Opinión

Los niños y su derecho a ser personas

El Deber logo
2 de marzo de 2017, 4:00 AM
2 de marzo de 2017, 4:00 AM

La semana pasada nos sorprendieron las imágenes de un video circulando por las redes sociales en el que Roxana Sandóval, exdiputada del MNR, en un remedo de instrucción militar, instaba a un grupo de niños en la plaza 24 de Septiembre a gritar consignas en contra del presidente y sus intenciones ‘prorroguistas’. Hace un año también escuchábamos perplejos a Álvaro García Linera, vicepresidente del Estado Plurinacional, cuando en un acto de entrega de un colegio técnico humanístico en Porco (Potosí) decía: “Si alguien de aquí a cinco, a 10 años, quiere venir a quitar el petróleo, la electricidad, pónganse sus cartuchos de dinamita y vayan a botarlos a patadas” (ANF, 01.02.16). 
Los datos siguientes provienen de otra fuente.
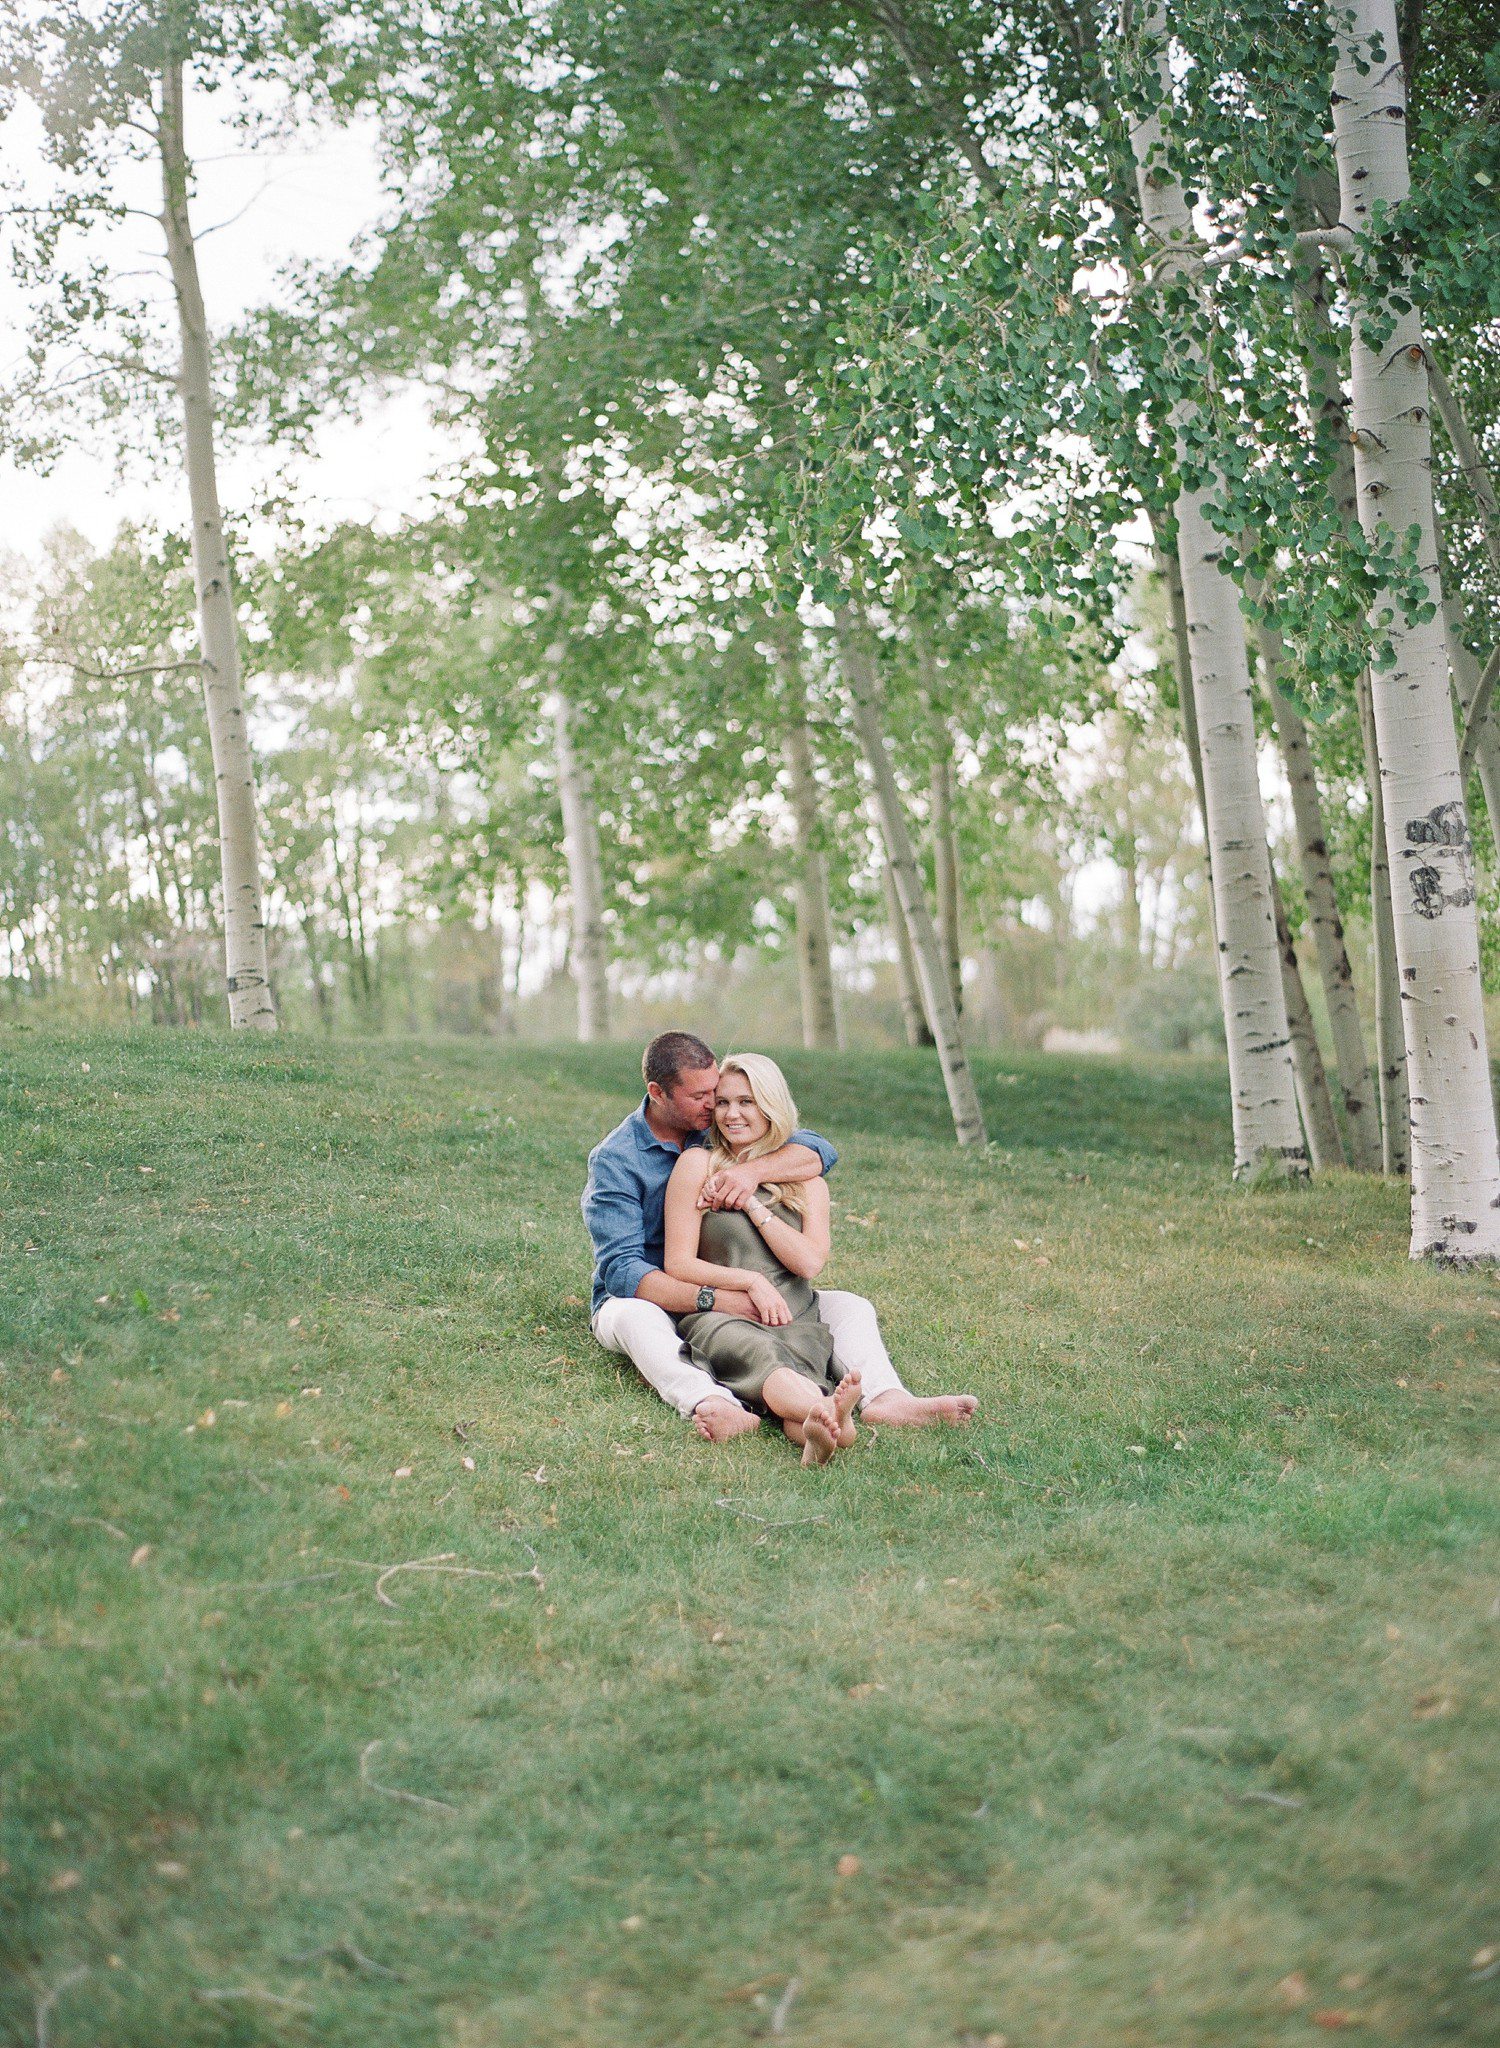 Summer Engagement Session in Aspen

En ambos casos, los ciudadanos expresaron su repudio por distintas vías de expresión. Se cuestionó tanto el uso de niños como propaganda, como la intención de promover, incitar o formar juventudes en el odio y la toma de acciones violentas de hecho. En un país en el que tenemos el segundo promedio de linchamientos más alto en Latinoamérica (37,2 por año, La Razón, 01.04.16) y otros índices alarmantes de violencia, ¿queremos agravarlo alargando nuestra lista de taras y odios?, ¿arrebatarle a nuestros niños la posibilidad de ser personas de libre conciencia y convertirlos en armas bélicas dirigidas o sacrificadas por consigna?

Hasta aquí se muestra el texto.